REPUBLIKA.CO.ID, JAKARTA -- Pasokan minyak sawit (CPO) untuk kebutuhan produksi minyak goreng pasca dicabutnya kebijakan domestic market obligation (DMO) turun drastis.
Direktur Jenderal Perdagangan, Kementerian Perdagangan, Oke Nurwan, mengatakan, total pasokan CPO sejak 18 hingga 30 Maret 2022 atau dalam kurun 12 hari terakhir hanya mencapai sekitar 35,4 ribu ton.
Jumla tersebut jauh lebih kecil jika dibandingkan saat pemerintah menerapkan kebijakan DMO yang berlangsung sejak 14 Februari-12 Maret 2022 di mana terkumpul pasokan CPO hingga 720,6 ribu ton dan diklaim terdistribusikan 502 ribu ton.
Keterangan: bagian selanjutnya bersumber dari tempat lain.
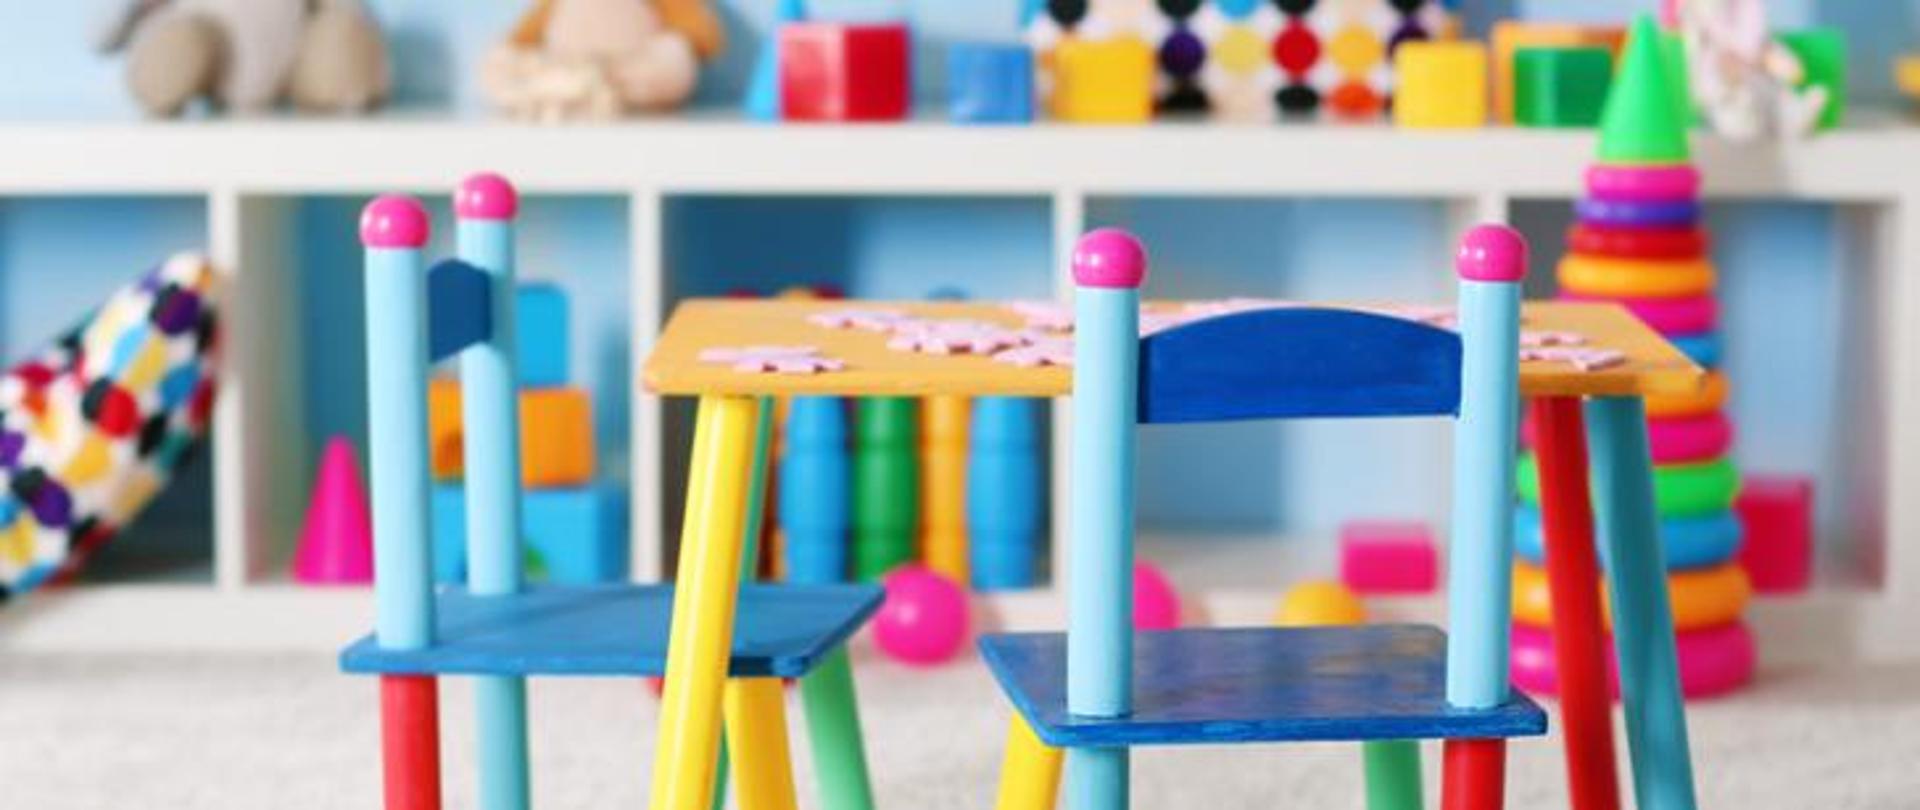 Kolorowy pokój zabaw dla dzieci

"Data ini (pasca DMO) dinamis," kata Oke singkat dalam Rapat Dengar Pendapat bersama Komisi VI DPR, Rabu (30/3/2022).
Anggota Komisi VI DPR Fraksi Gerindra, Andre Rosiade, menyayangkan dicabutnya kebijakan tersebut. "Sebelumnya dalam 28 hari bisa terkumpul 702 ribu ton, ini 12 hari baru 35 ribu ton. Ini yang bodoh ya kita semua. Pemerintah bodoh, DPR bodoh," kata dia.
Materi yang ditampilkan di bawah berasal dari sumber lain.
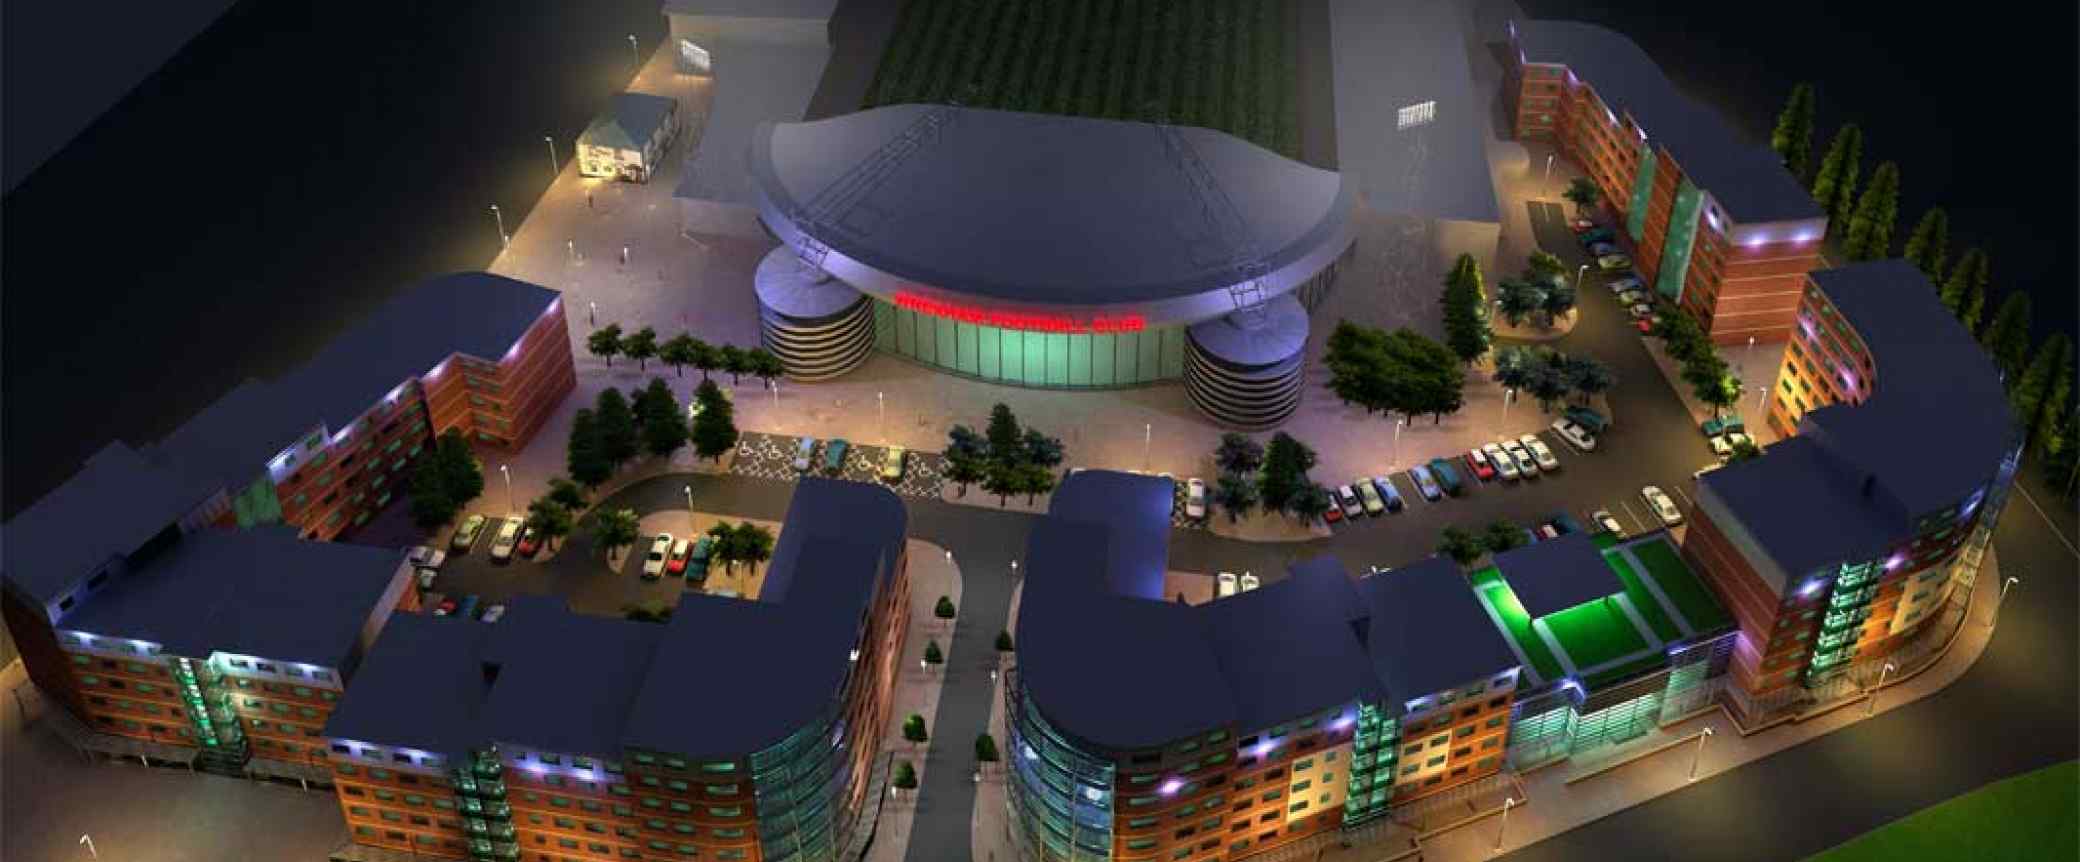 Wrexham Student Village night aerial architectural scheme plan

Menurut dia, dengan pasokan yang menurun drastis itu cukup mengkhawatirkan. Ia pun menilai wajar bila masyarakat saat ini marah kepada pemerintah akibat kebijakan minyak goreng yang tak kunjung menemukan solusi konkret.
Andre pun mengusulkan agar DPR melakukan audit investigasi mengenai harga pokok produksi CPO sekaligus minyak goreng. Ia pun mendesak agar DPR juga melakukan audit investigasi kebijakan DMO dan DPO yang saat diterapkan justru terjadi kelangkaan minyak goreng.